Beauchamp received intelligence of his venerable great-aunt’s death from Blackburn Tuckham, and after the funeral he was informed that eighty thousand pounds had been bequeathed to him: a goodly sum of money for a gentleman recently beggared; yet, as the political enthusiast could not help reckoning (apart from a fervent sentiment of gratitude toward his benefactress), scarcely enough to do much more than start and push for three or more years a commanding daily newspaper, devoted to Radical interests, and to be entitled the dawn.
True, he might now conscientiously approach the heiress, take her hand with an open countenance, and retain it.
Could he do so quite conscientiously?
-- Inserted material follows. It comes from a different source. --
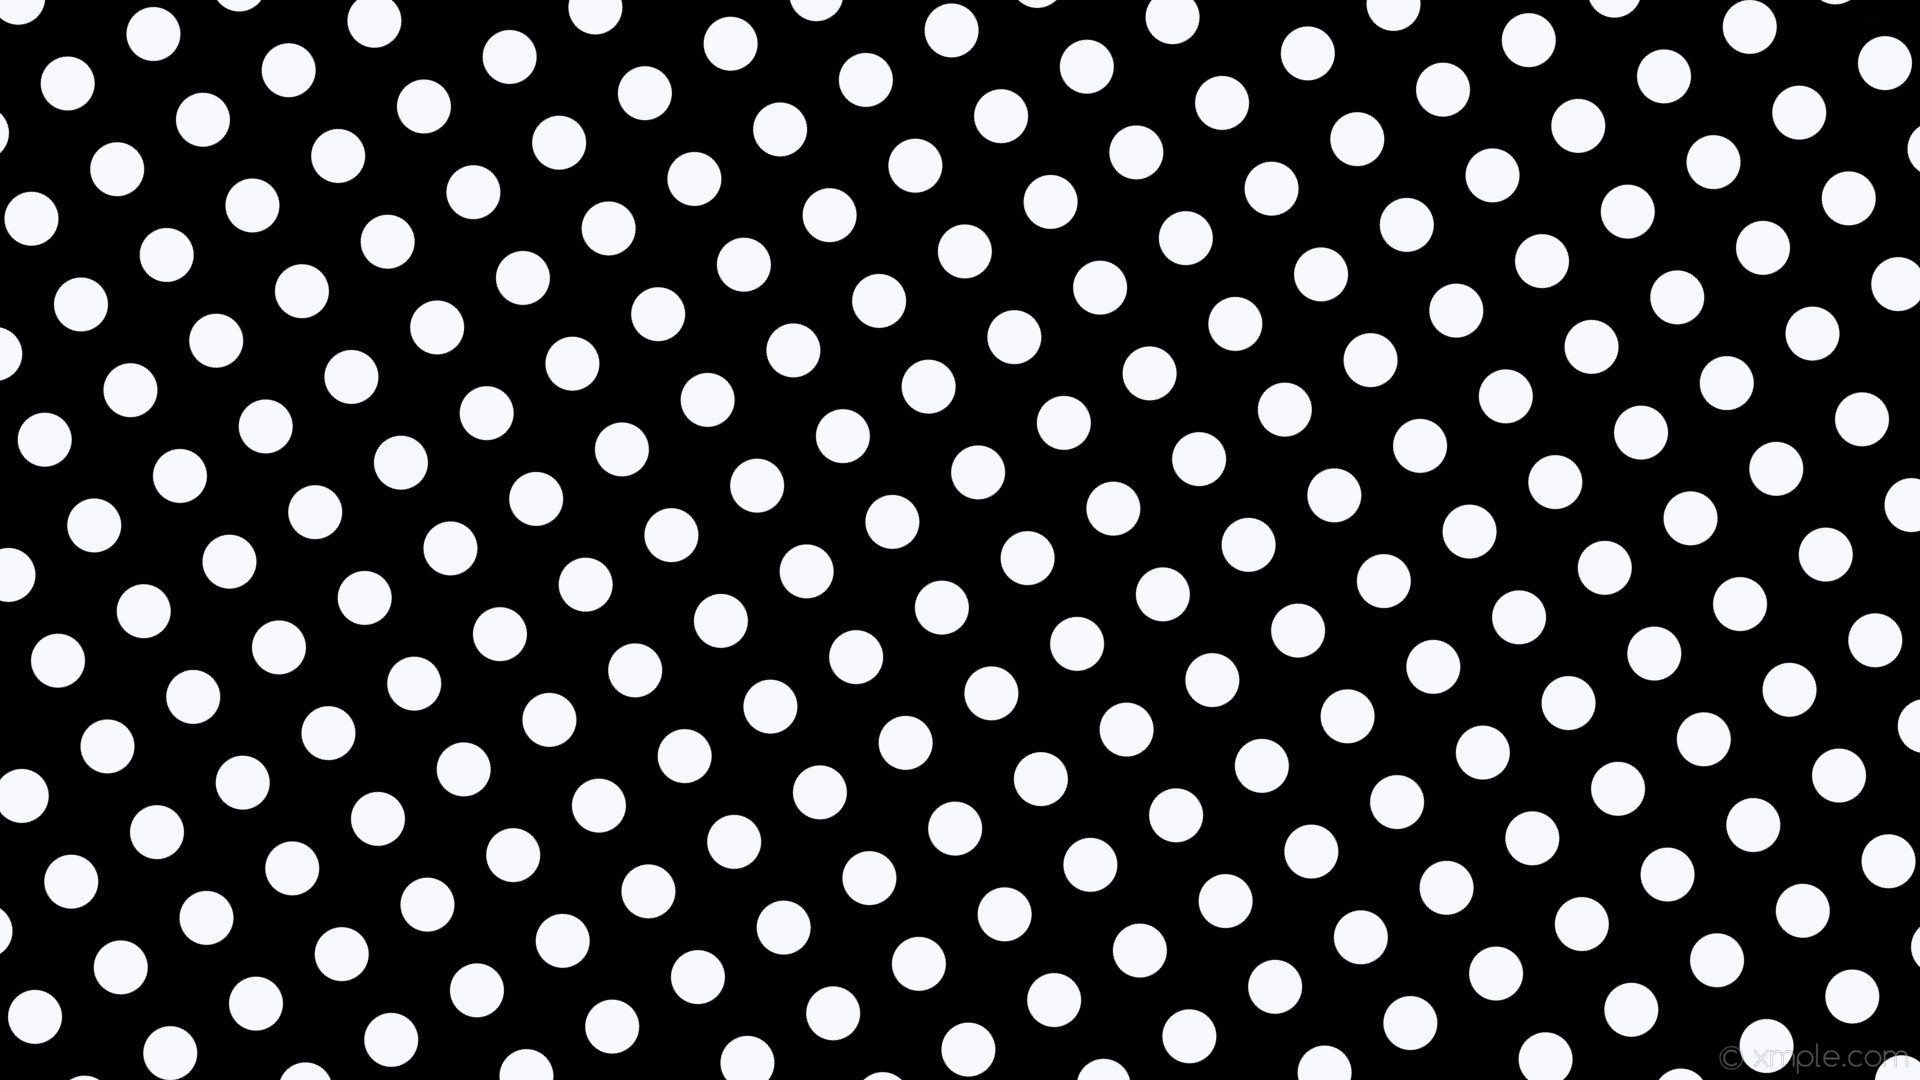 wallpaper spots black dots white polka ghost white #000000 #f8f8ff 210°  54px 99px

The point of honour had been centred in his condition of beggary. Something still was in his way. A quick spring of his blood for air, motion, excitement, holiday freedom, sent his thoughts travelling whither they always shot away when his redoubtable natural temper broke loose.
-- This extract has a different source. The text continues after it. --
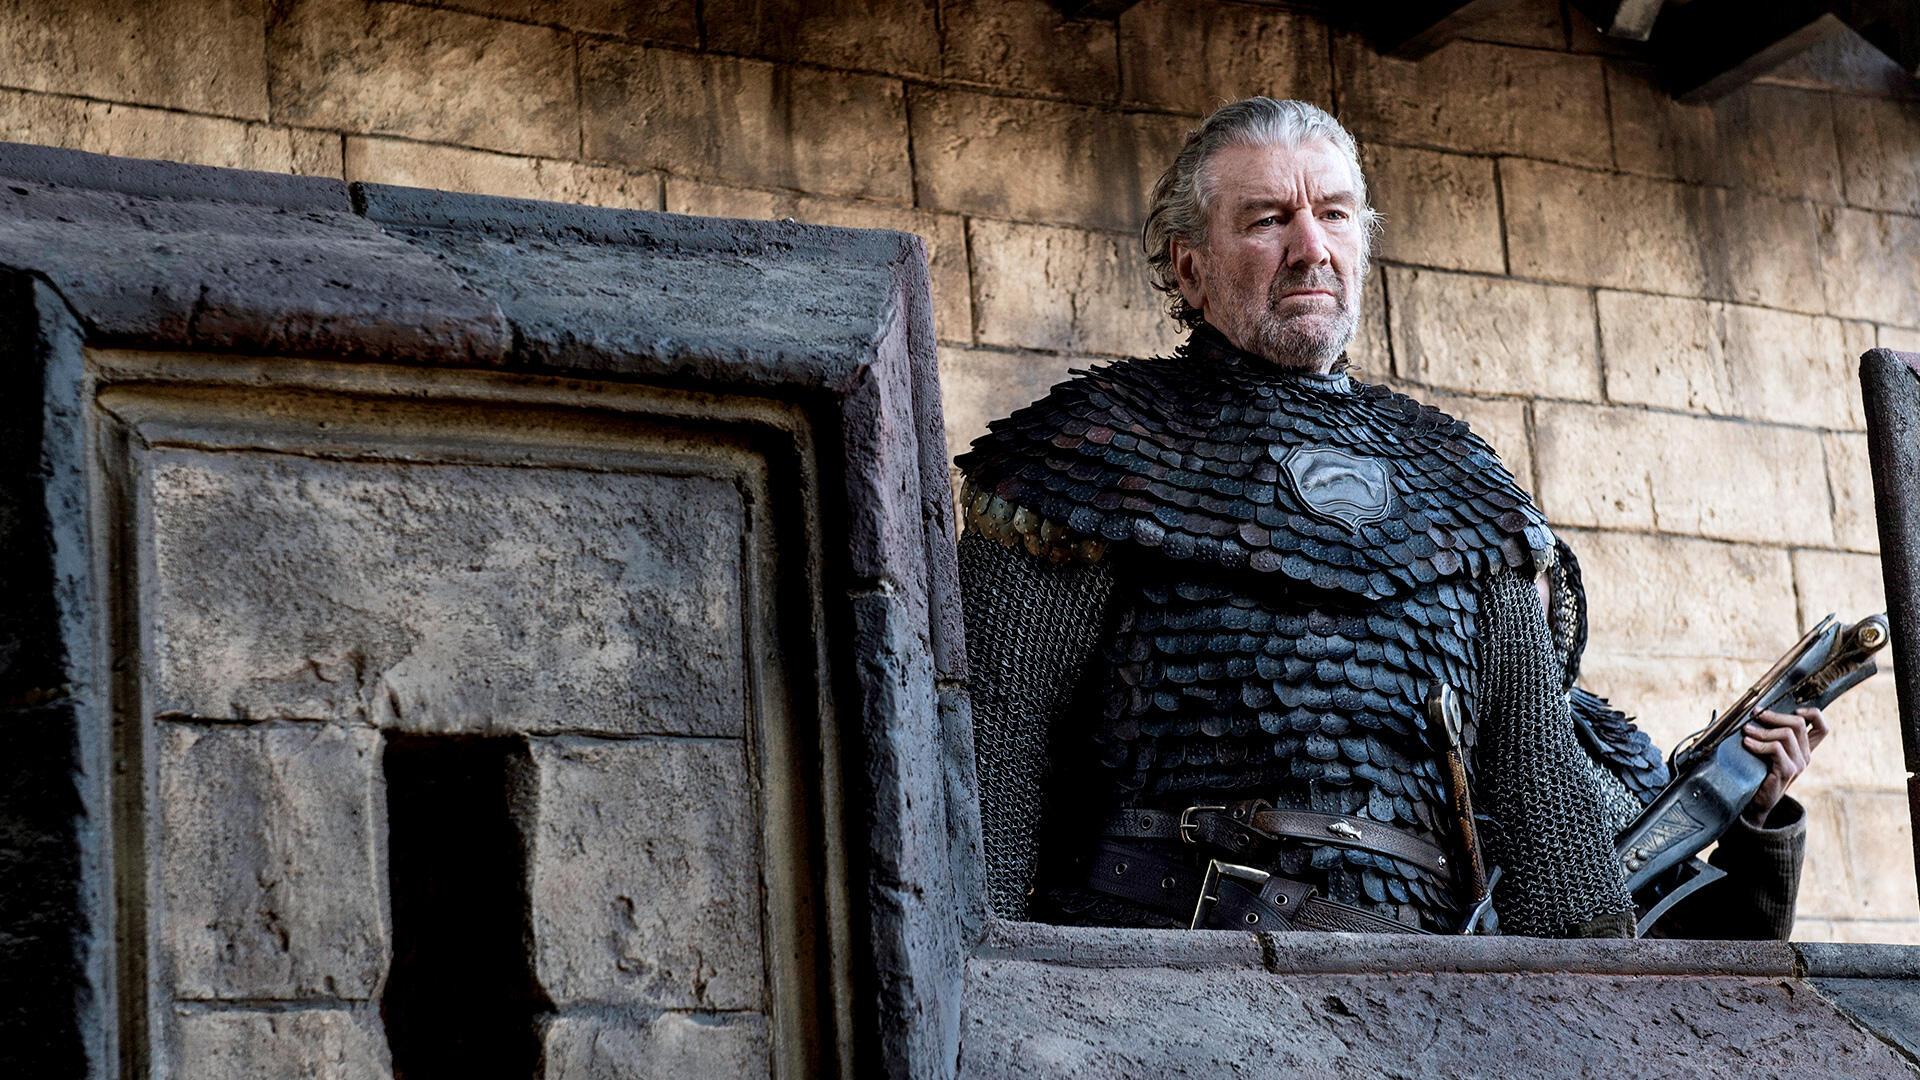 Game Of Thrones Staffel 6 Folge 3 Stream

In the case of any other woman than Cecilia Halkett he would not have been obstructed by the minor consideration as to whether he was wholly heart-free to ask her in marriage that instant; for there was no hindrance, and she was beautiful. She was exceedingly beautiful; and she was an unequalled heiress. She would be able with her wealth to float his newspaper, the dawn, so desired of Dr. Shrapnel!—the best restorative that could be applied to him! Every temptation came supplicating him to take the step which indeed he wished for: one feeling opposed. He really respected Cecilia: it is not too much to say that he worshipped her with the devout worship rendered to the ideal Englishwoman by the heart of the nation. For him she was purity, charity, the keeper of the keys of whatsoever is held precious by men; she was a midway saint, a light between day and darkness, in whom the spirit in the flesh shone like the growing star amid thin sanguine colour, the sweeter, the brighter, the more translucent the longer known. And if the image will allow it, the nearer down to him the holier she seemed.
How offer himself when he was not perfectly certain that he was worthy of her?
Some jugglery was played by the adept male heart in these later hesitations. Up to the extent of his knowledge of himself, the man was fairly sincere. Passion would have sped him to Cecilia, but passion is not invariably love; and we know what it can be.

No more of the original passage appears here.